Work instruction:
Repeat only the lines below from the one that contains "Global Tapestry: Eclectic" through the final line, exactly. Omit pictures.

Recorded information:
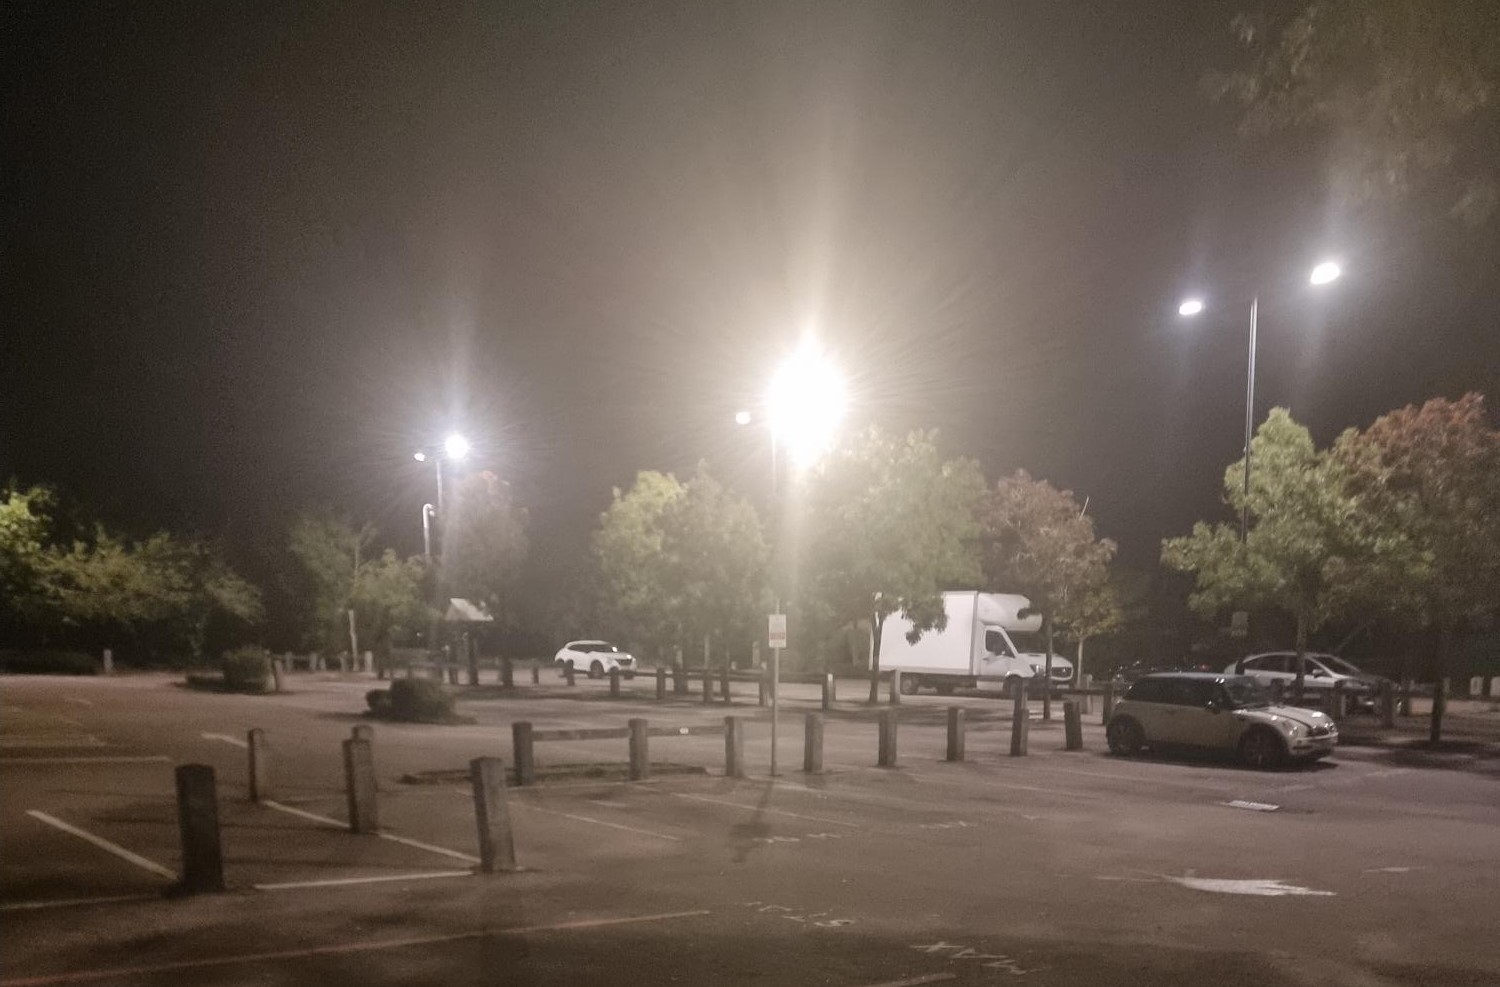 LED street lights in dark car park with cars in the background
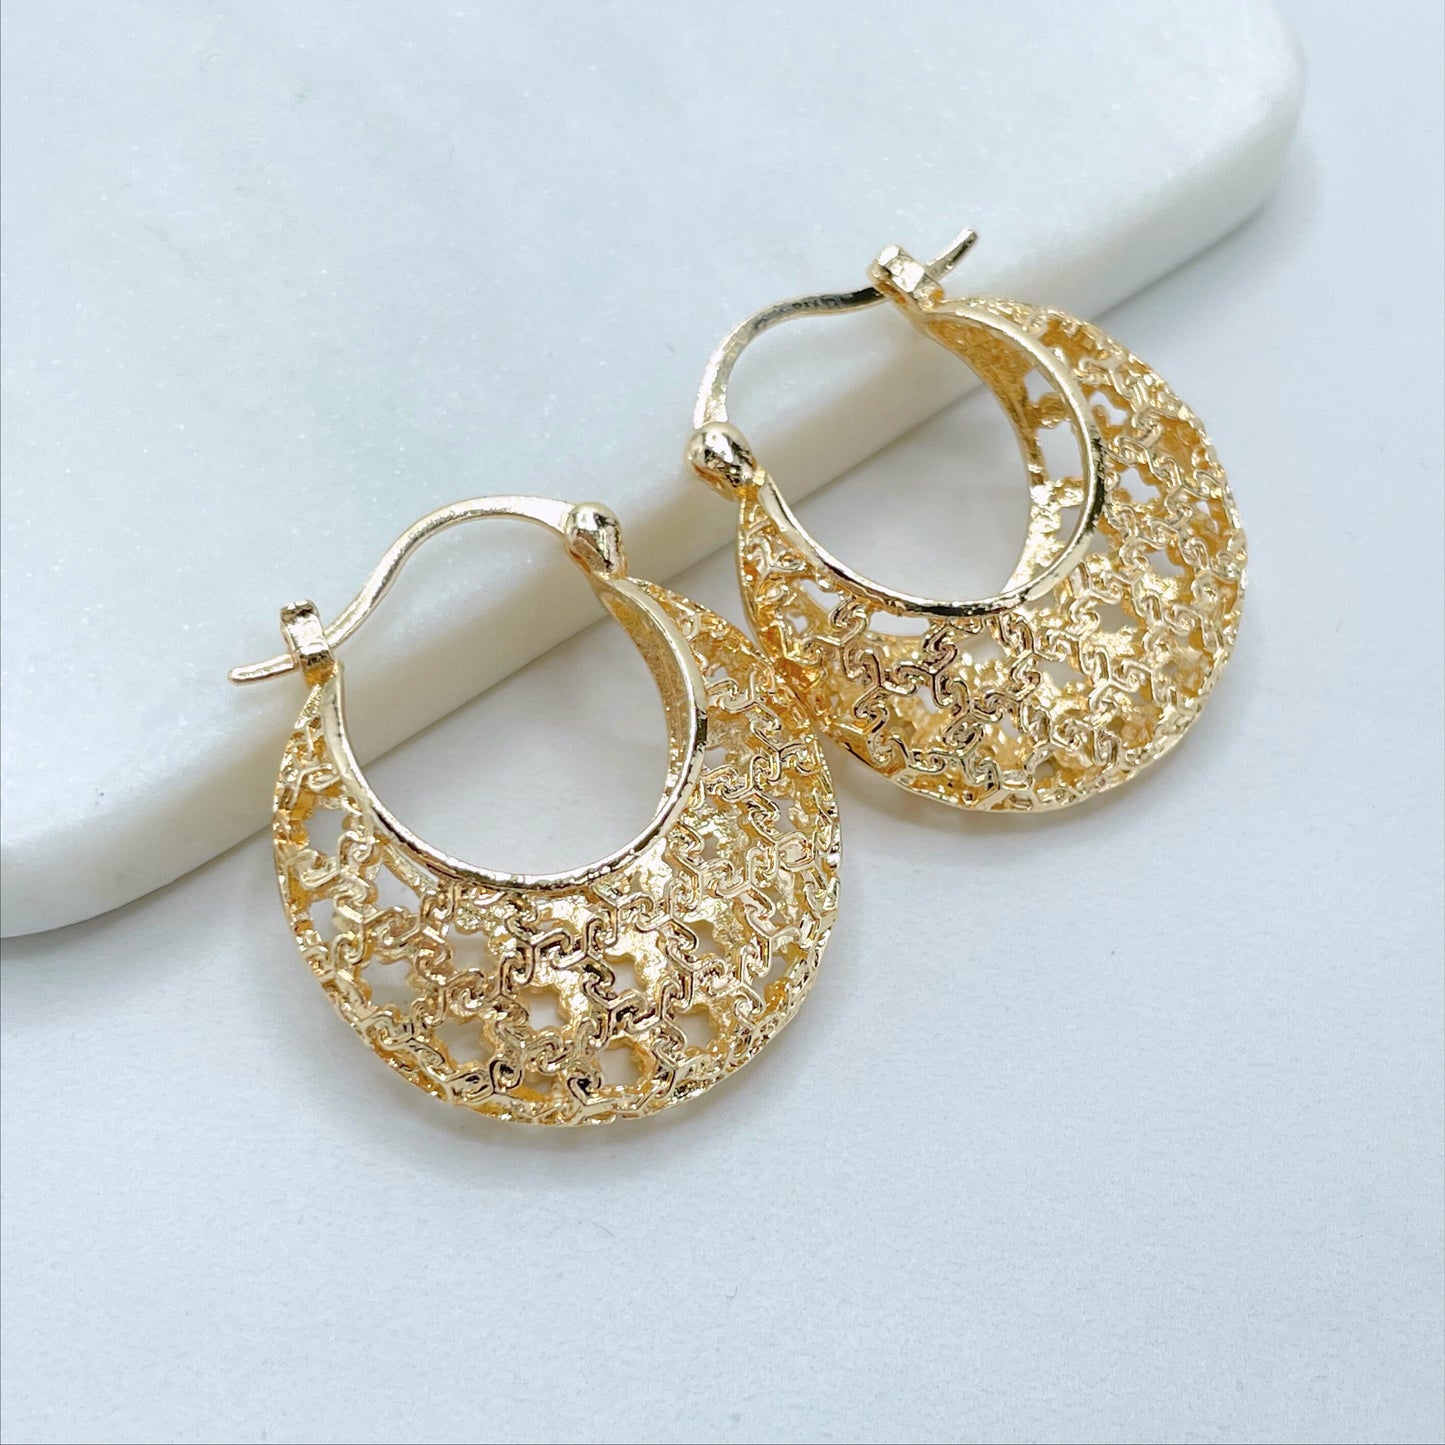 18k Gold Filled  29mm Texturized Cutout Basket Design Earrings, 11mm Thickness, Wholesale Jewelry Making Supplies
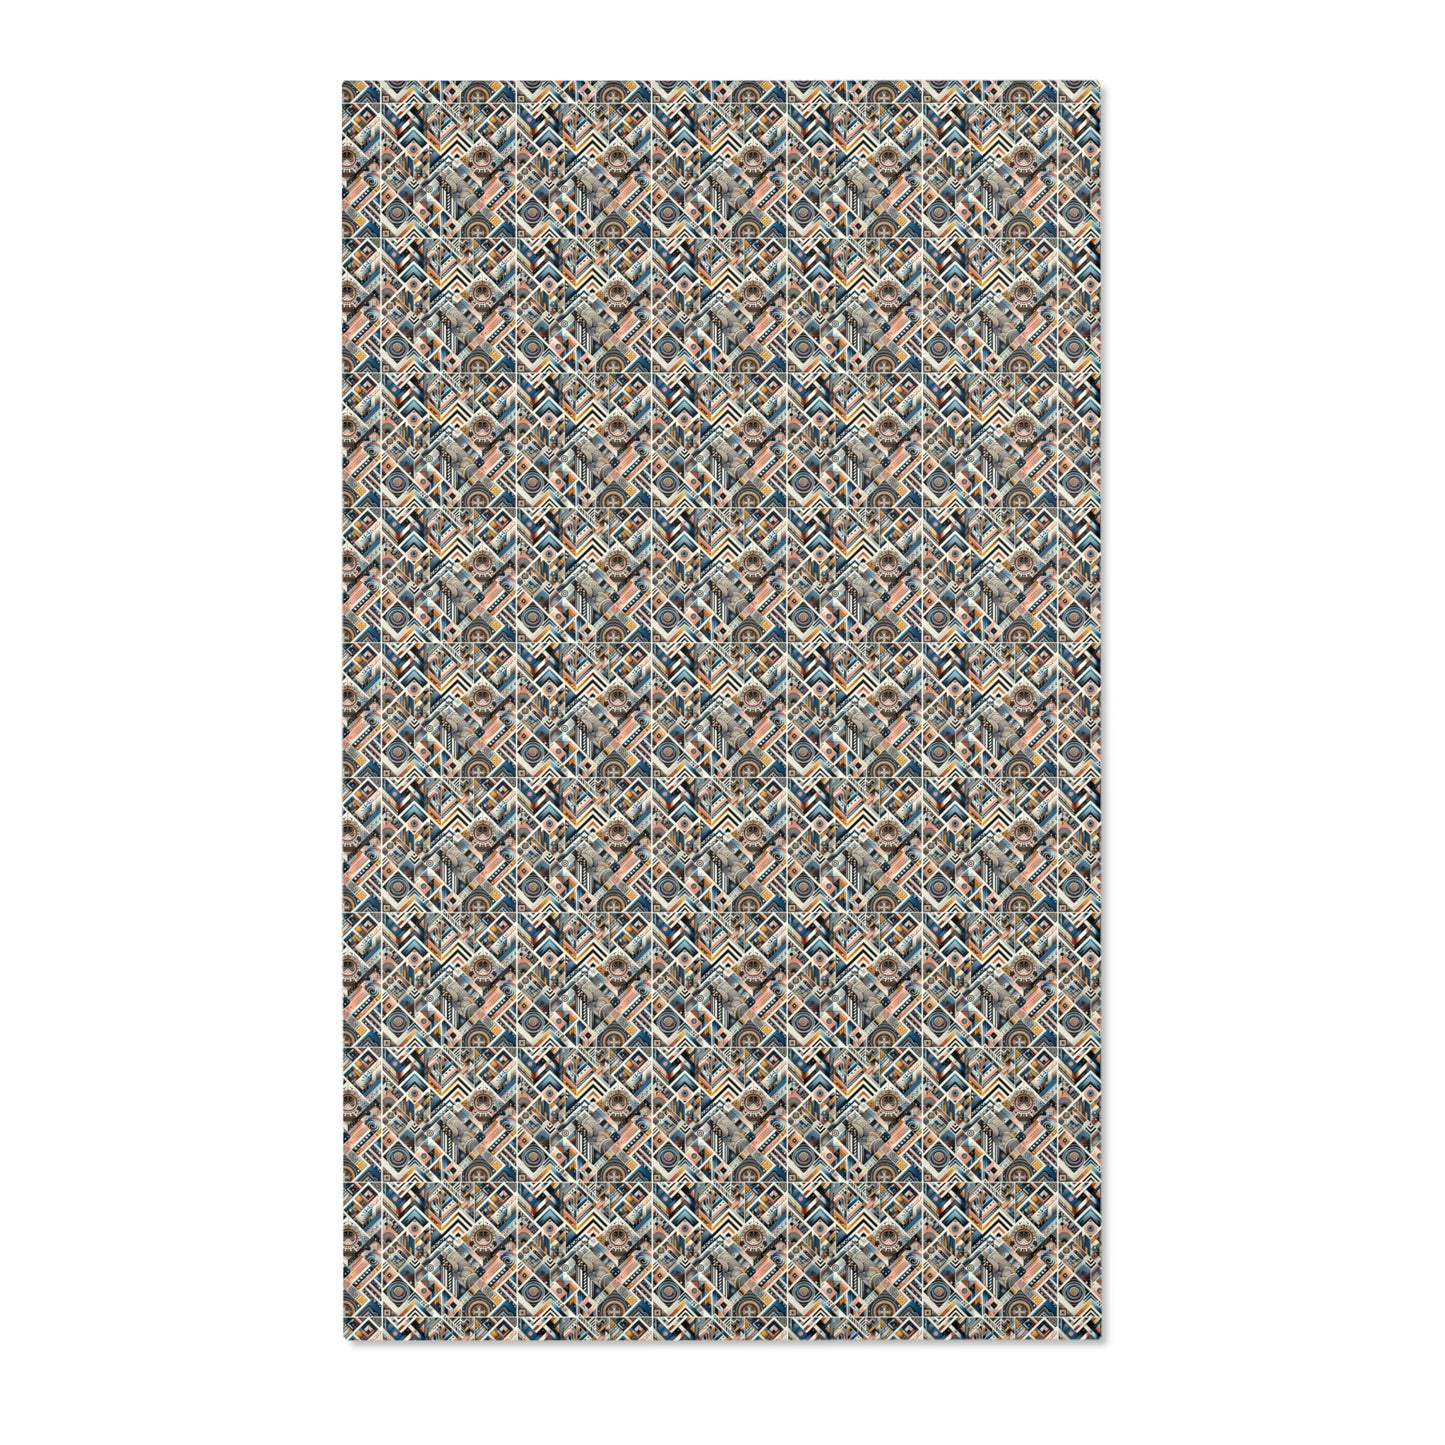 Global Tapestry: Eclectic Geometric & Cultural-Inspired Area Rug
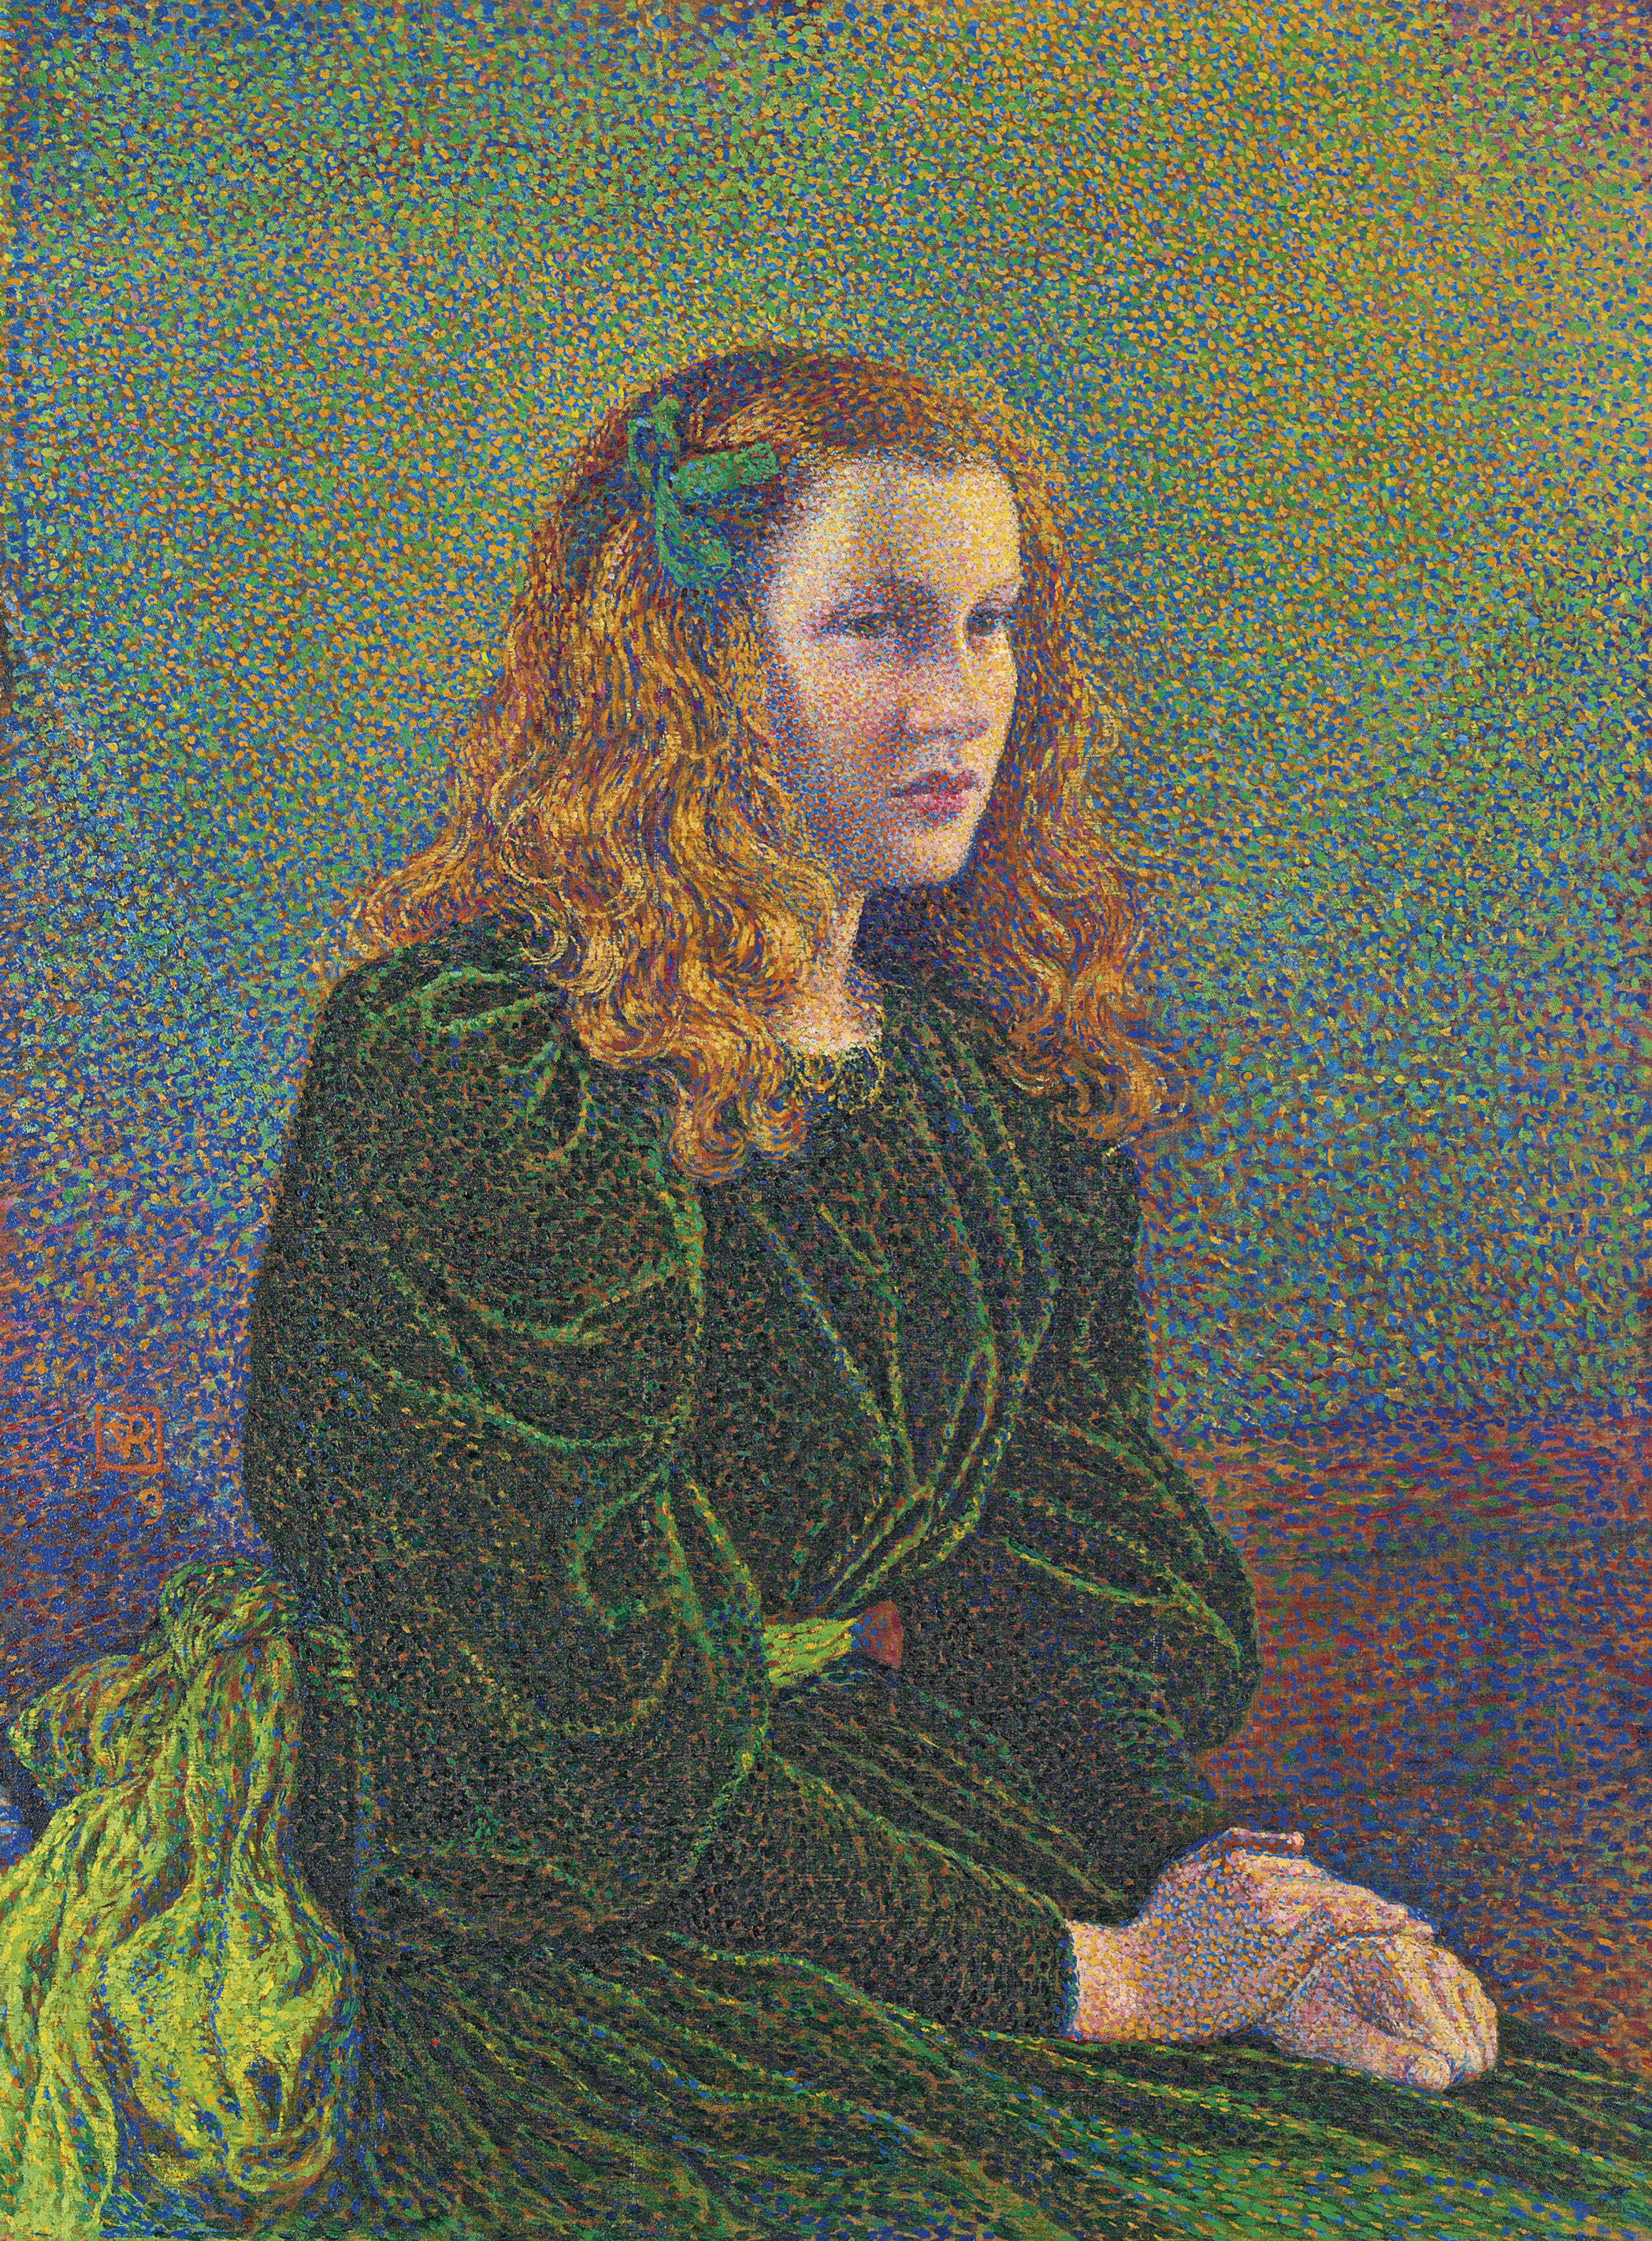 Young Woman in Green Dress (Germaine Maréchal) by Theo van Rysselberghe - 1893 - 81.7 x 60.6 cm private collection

Exercise result:
 Global Tapestry: Eclectic Geometric & Cultural-Inspired Area Rug
 Young Woman in Green Dress (Germaine Maréchal) by Theo van Rysselberghe - 1893 - 81.7 x 60.6 cm private collection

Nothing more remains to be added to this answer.